The term “nanofluid” refers to the nanoparticles (having size less than 100 nm) suspended into the base fluid. Typical examples of nanoparticles include metals such as Copper, Aluminum and Silver, oxides e.g., Aluminum Oxide, carbides such as Silicon Carbides, nitrides like Silicon Nitride and Aluminum Nitride, and nonmetals such as graphite or carbon nanotubes. The customary fluids are ethylene glycol, water, and oil. The amalgamation of nanoparticles with the common fluid tremendously improves the thermal traits of the base fluid.

Choi and Eastman¹ were the pioneer to introduce the term nanofluid and the fact that several heat transfer physiognomies of the base fluids, such as thermal conductivity is enhanced by insertion of nanoparticles into it.
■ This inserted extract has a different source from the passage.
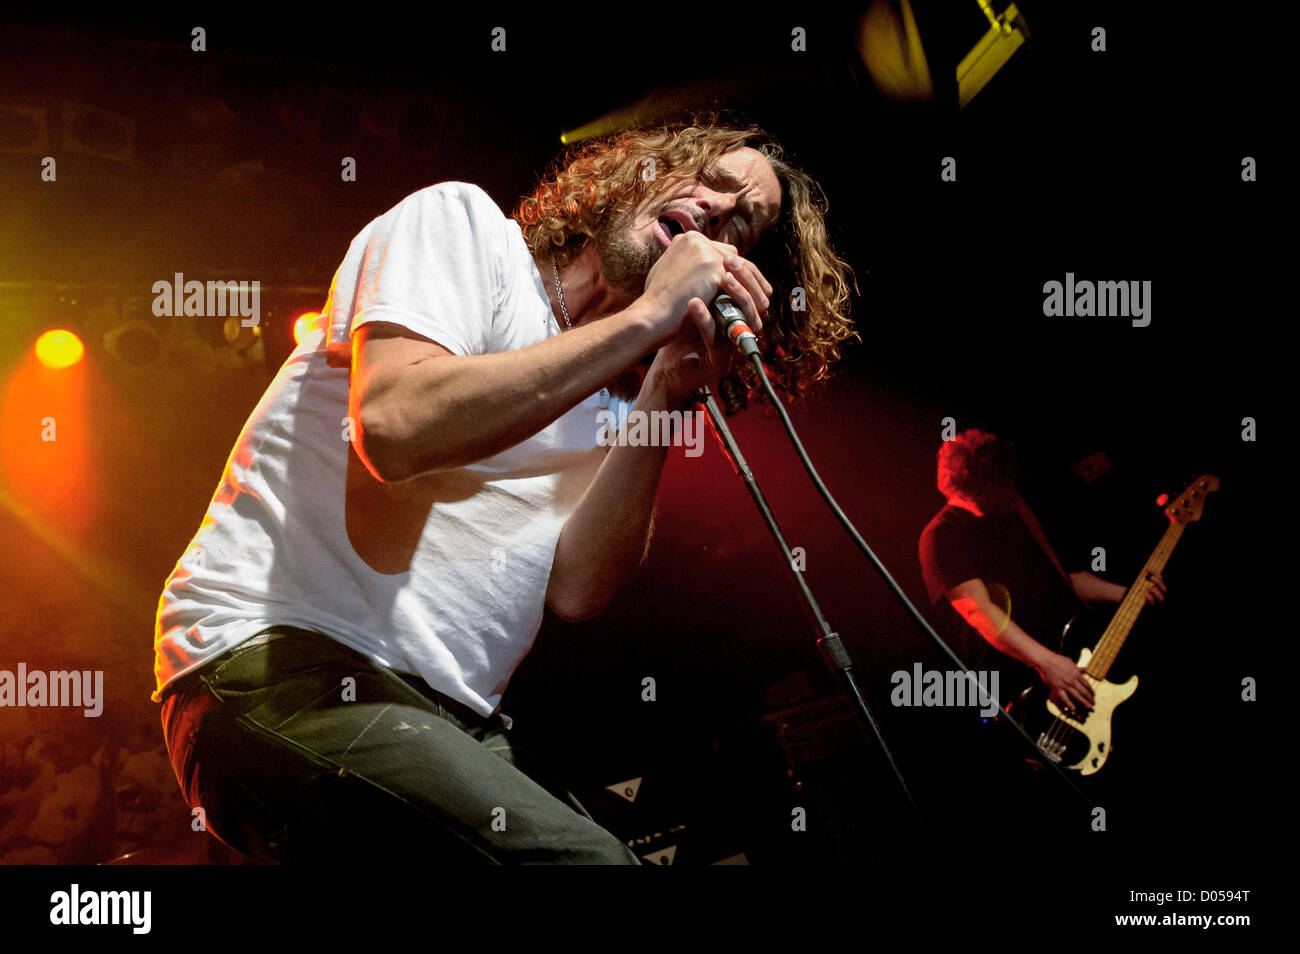 Nov. 16, 2012 - Toronto, Ontario, Canada - Seattle grunge vets Soundgarden touched down at Toronto and the Phoenix Theatre as an intimate warm-up date for their first studio CD in 16 years, 'King Animal', which came out Nov. 13. In picture: CHRIS CORNELL, BEN SHEPHERD (Credit Image: © Igor Vidyashev/ZUMAPRESS.com) Stock Photo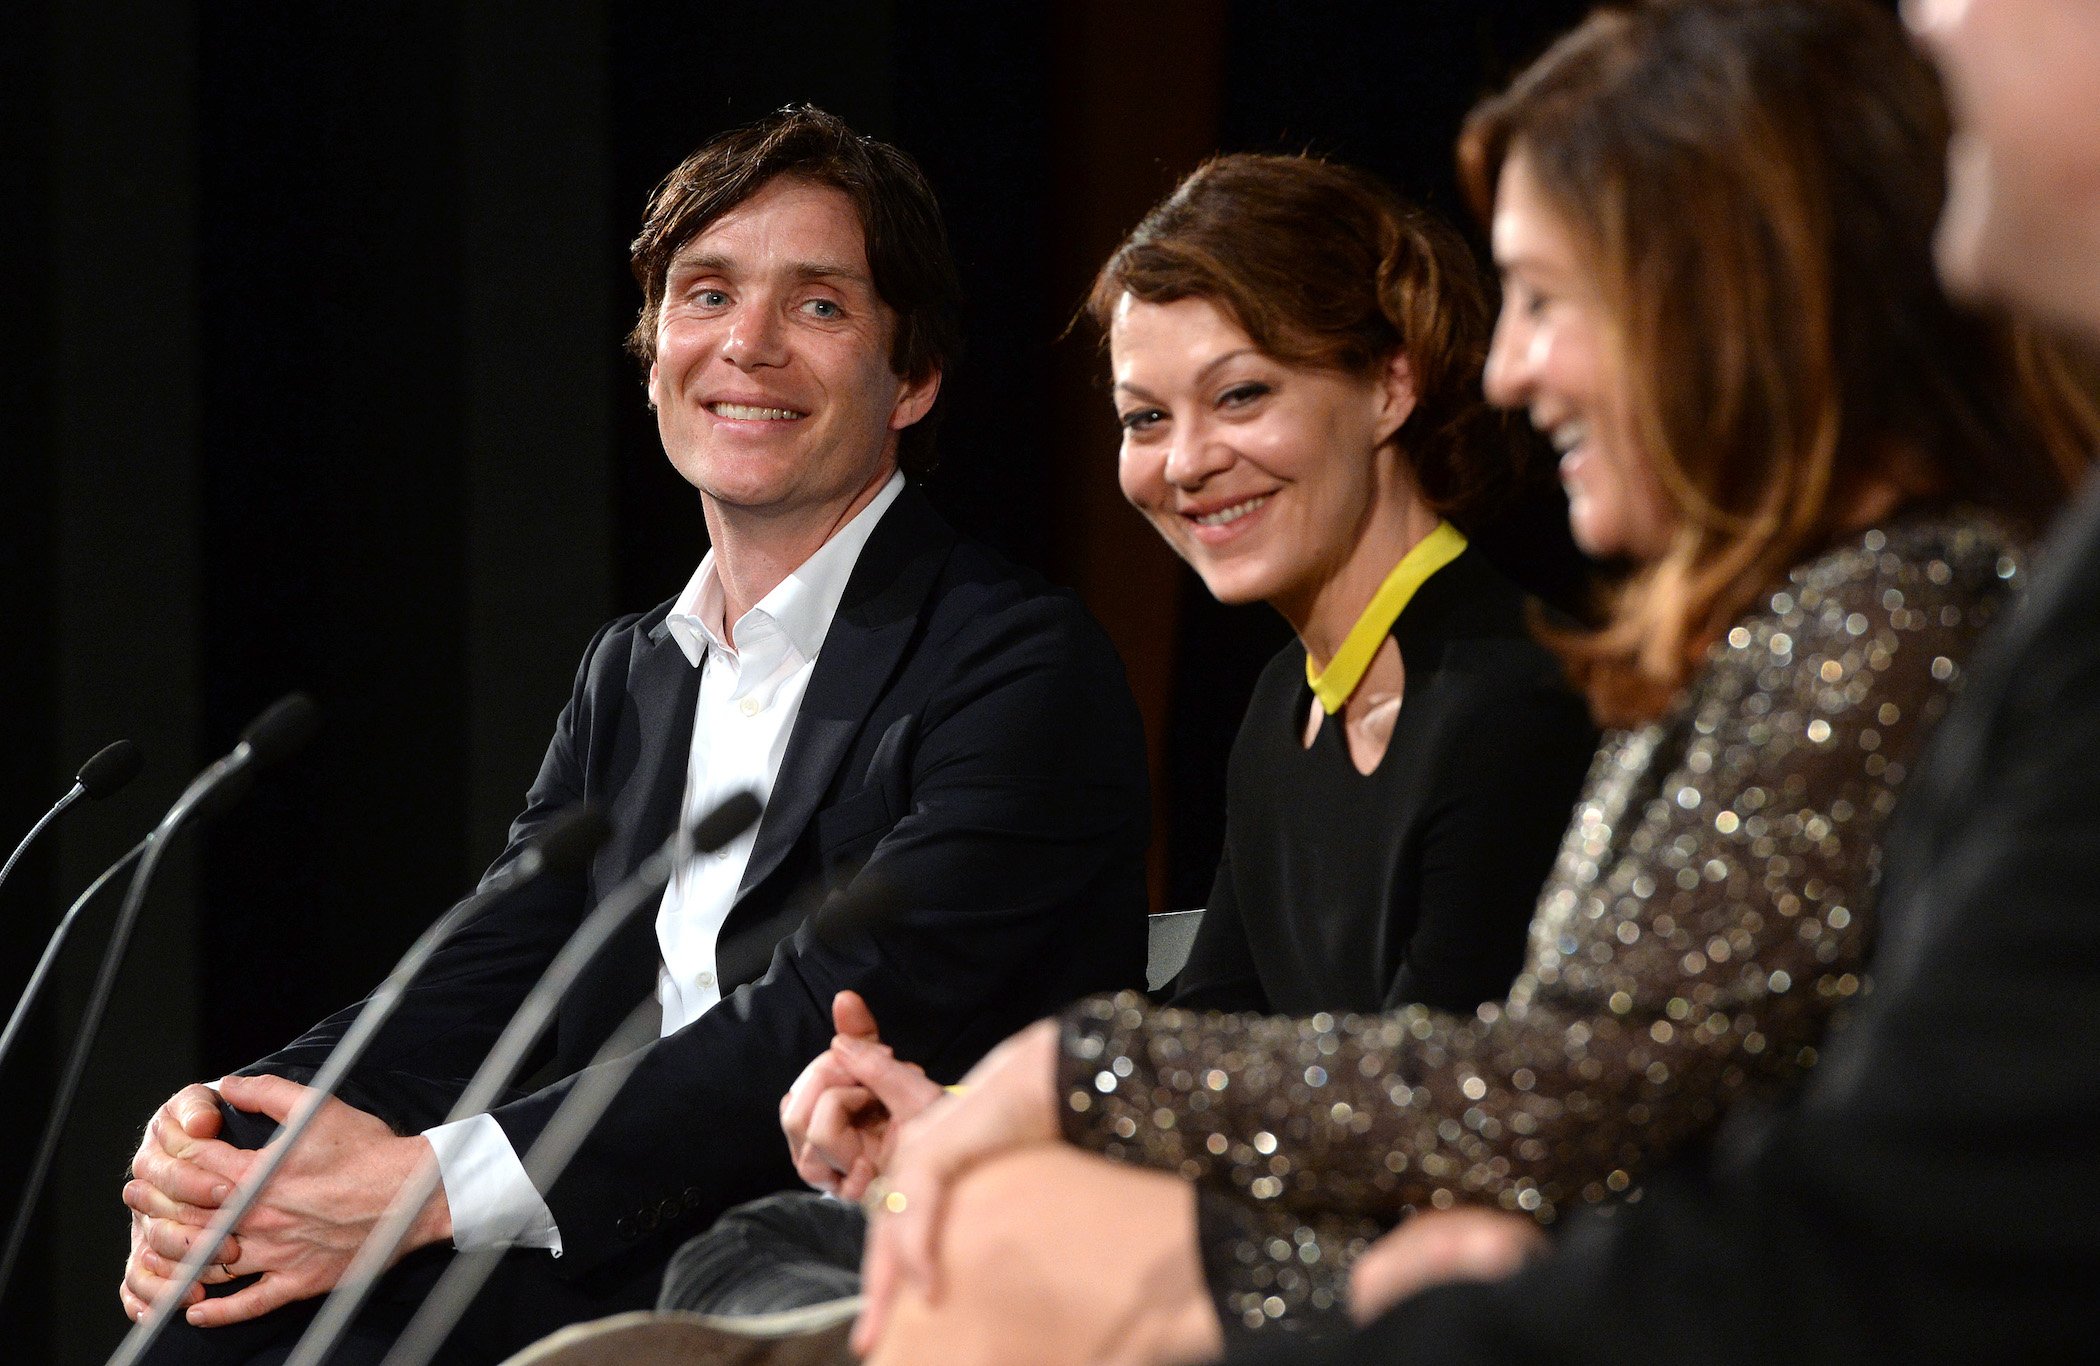 Cillian Murphy from 'Peaky Blinders' Season 6 and Helen McCrory smiling against a black background during a Q&A

Later, Wang and Arun² deliberated that convective characteristics of base fluid are enhanced by addition of metallic and non-metallic particles into it. This was followed by an experimental study by Eastman³ who claimed that thermal conductivity of the ethylene glycol is improved by 40% once copper nanoparticles are inserted in it. Subsequently, Eastman⁴ also examined that the shape of nanoparticles has a pivotal role in increasing the thermal conductivity of base fluid. The decree of Eastman was verified by Murshed⁵ who studied that the amalgamation of water with spherical shaped nanoparticles (Titanium oxide) with sizes more than 40 nm, increases the thermal conductivity of the base fluid by 33%. The use of nanofluids is very common in cooling the transformers and nuclear reactors. In medical, magneto nanofluids are also being utilized in cancer treatment, hyperthermia and MRI (Magnetic Resonance Imaging). The use of nanofluids is also imperative in making the germs free surgical instruments and removal of tumors.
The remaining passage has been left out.